* _TASK TO CARRY OUT_:
Transcribe the data exactly, omitting whatever pictures it holds.

*** PROVIDED DATA

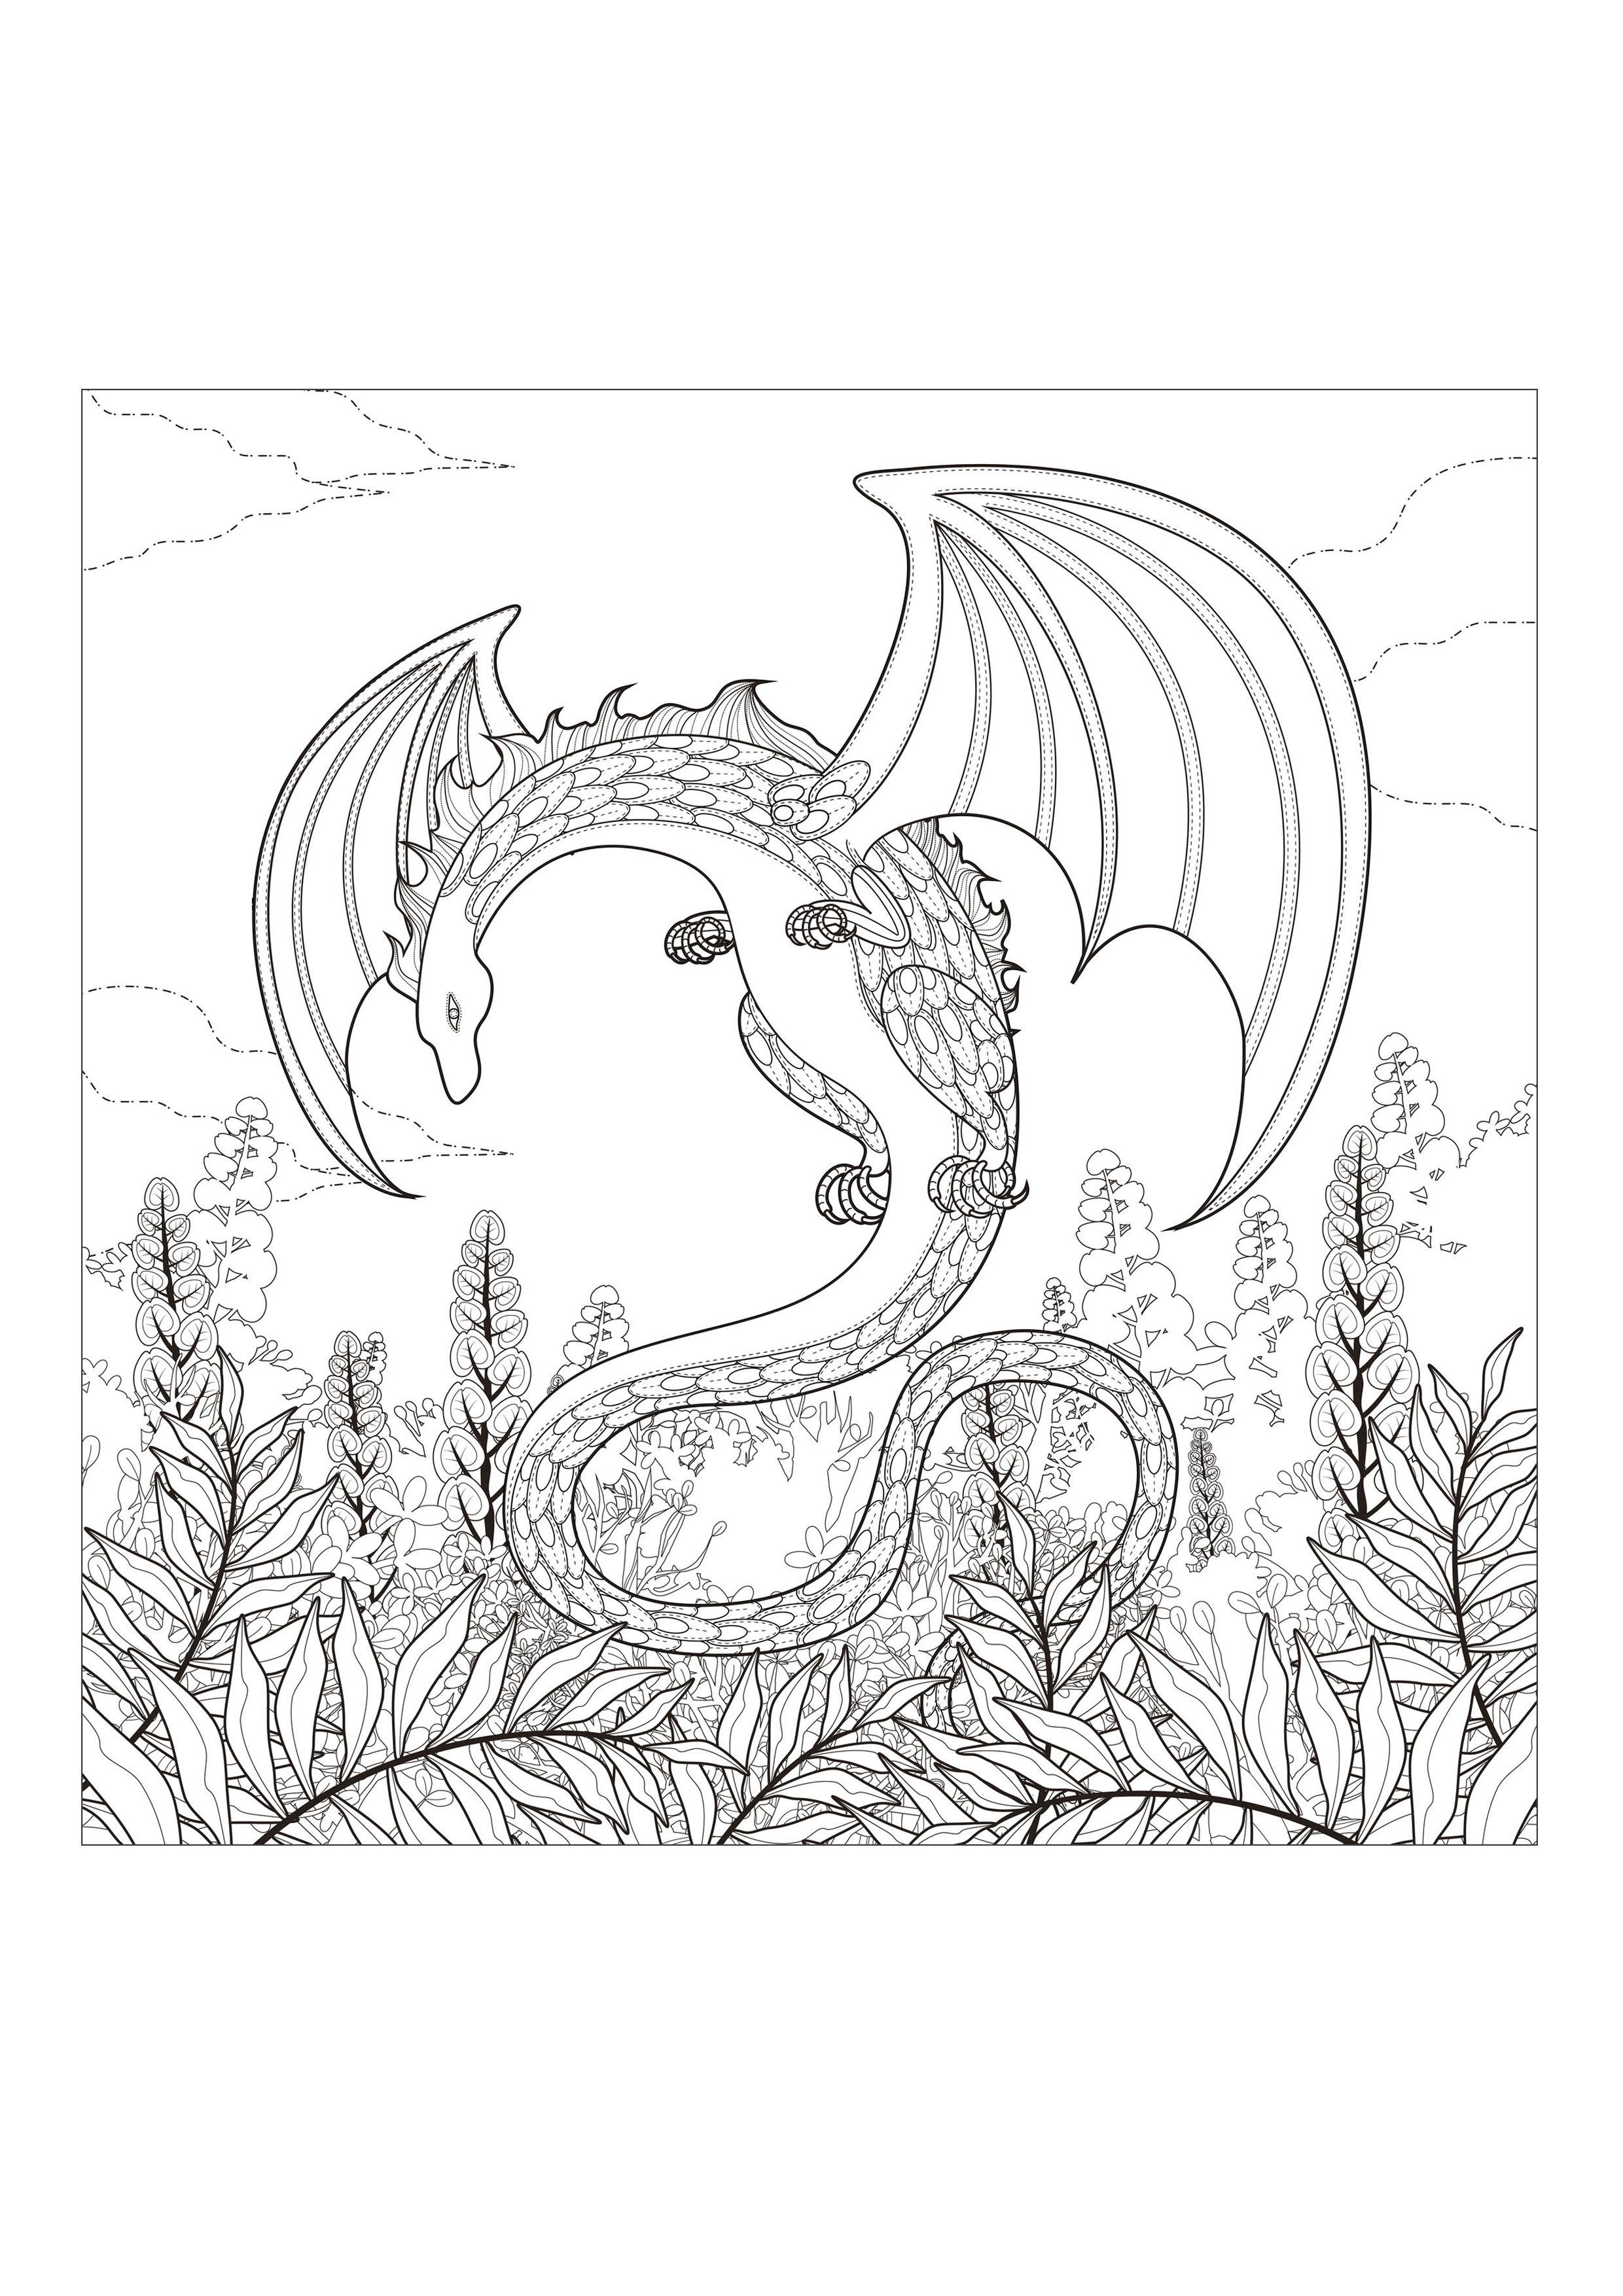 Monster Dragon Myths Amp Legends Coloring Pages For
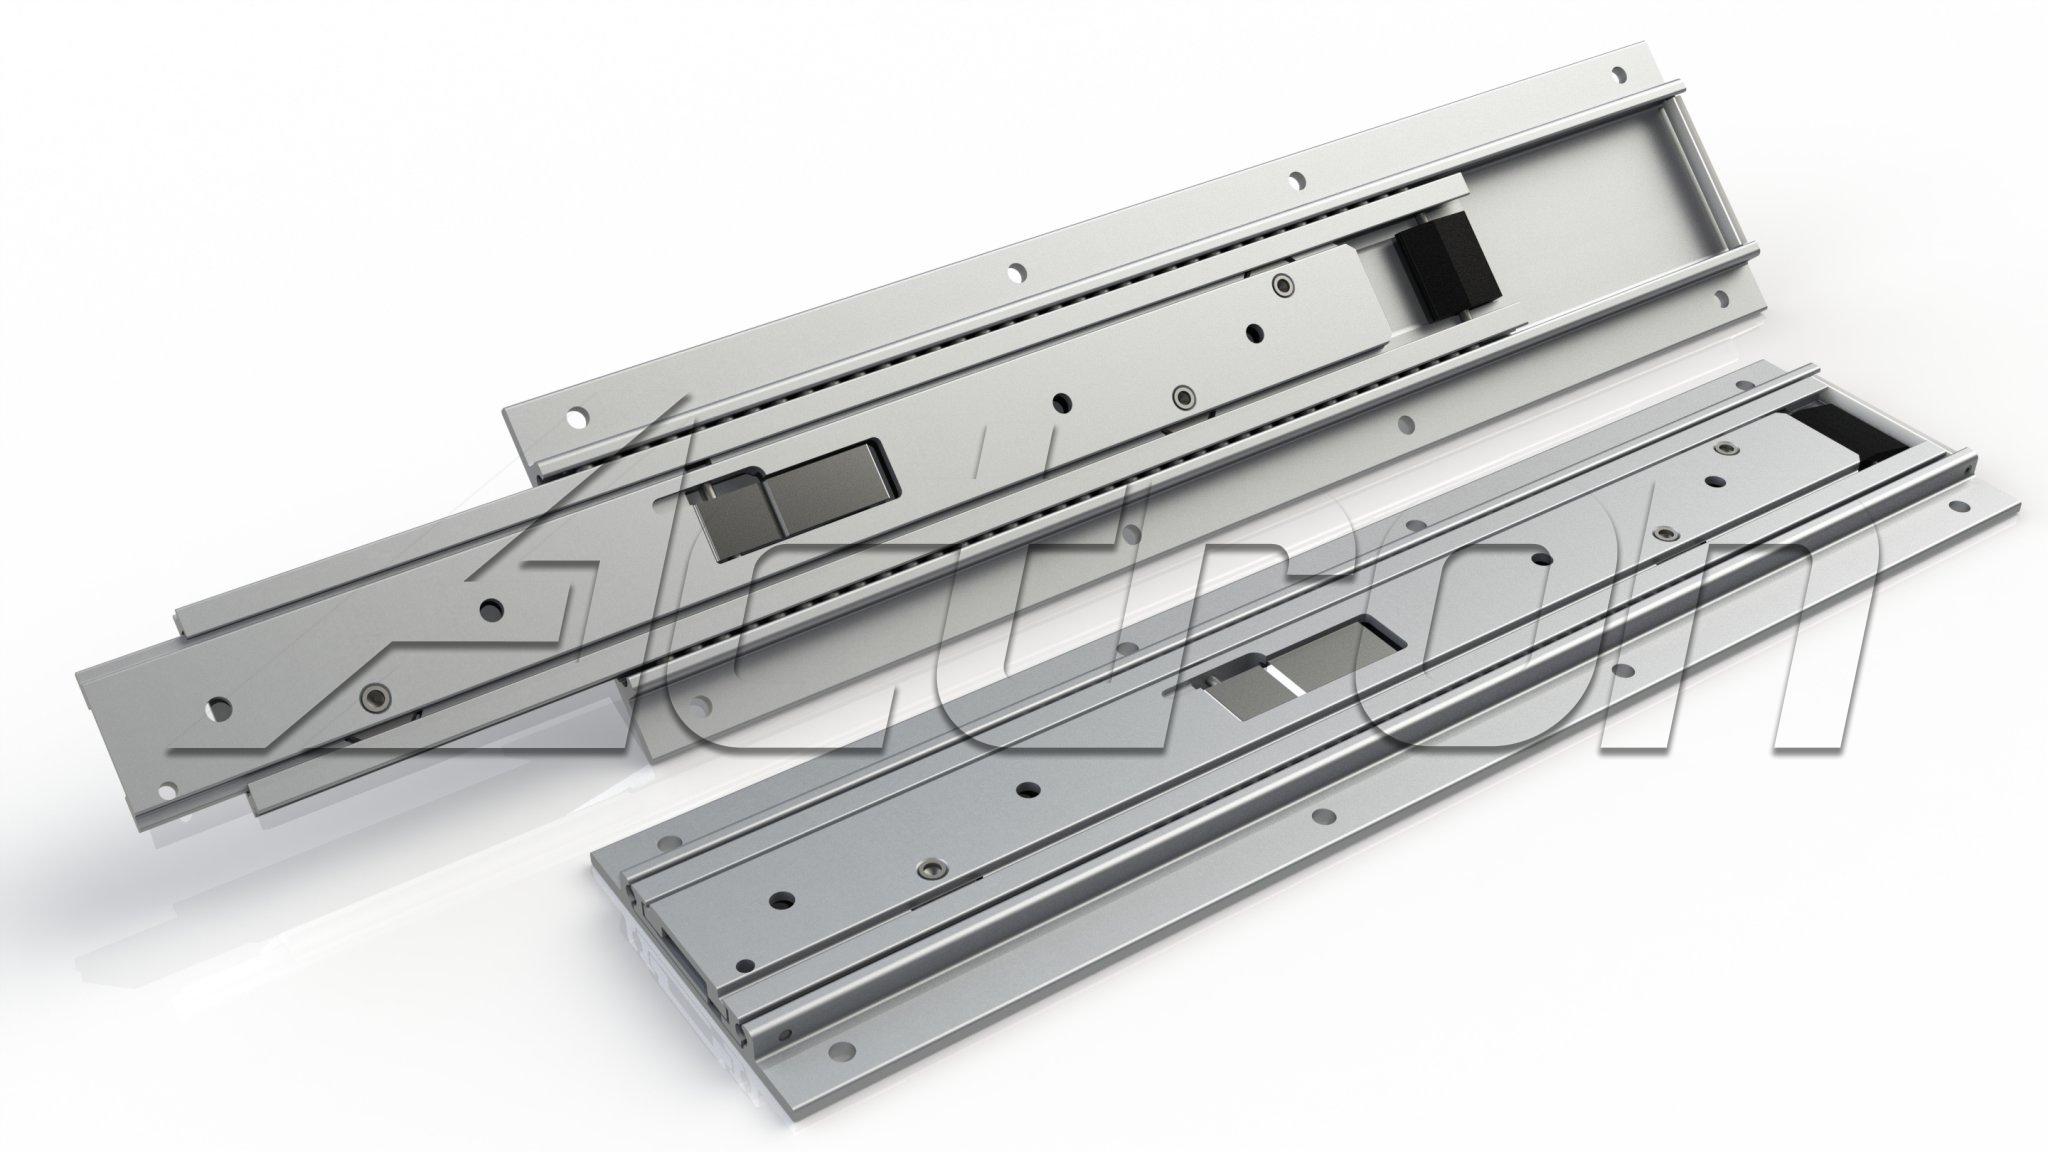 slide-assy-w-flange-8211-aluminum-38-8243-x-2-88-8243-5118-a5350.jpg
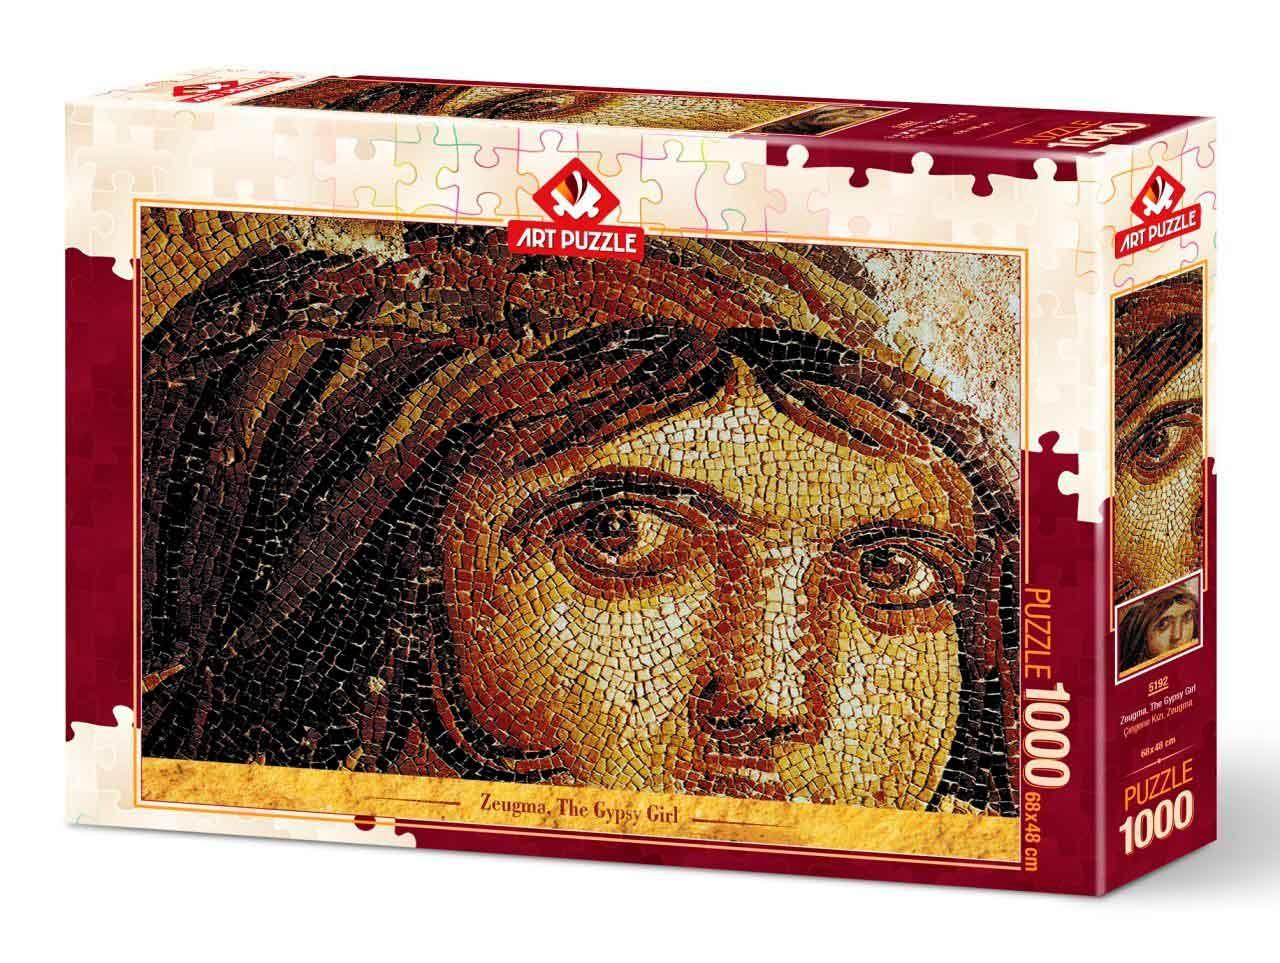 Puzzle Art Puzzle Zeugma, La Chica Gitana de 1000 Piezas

******

* _ANSWER TO THE EXERCISE_:
 Monster Dragon Myths Amp Legends Coloring Pages For
 slide-assy-w-flange-8211-aluminum-38-8243-x-2-88-8243-5118-a5350.jpg
 Puzzle Art Puzzle Zeugma, La Chica Gitana de 1000 Piezas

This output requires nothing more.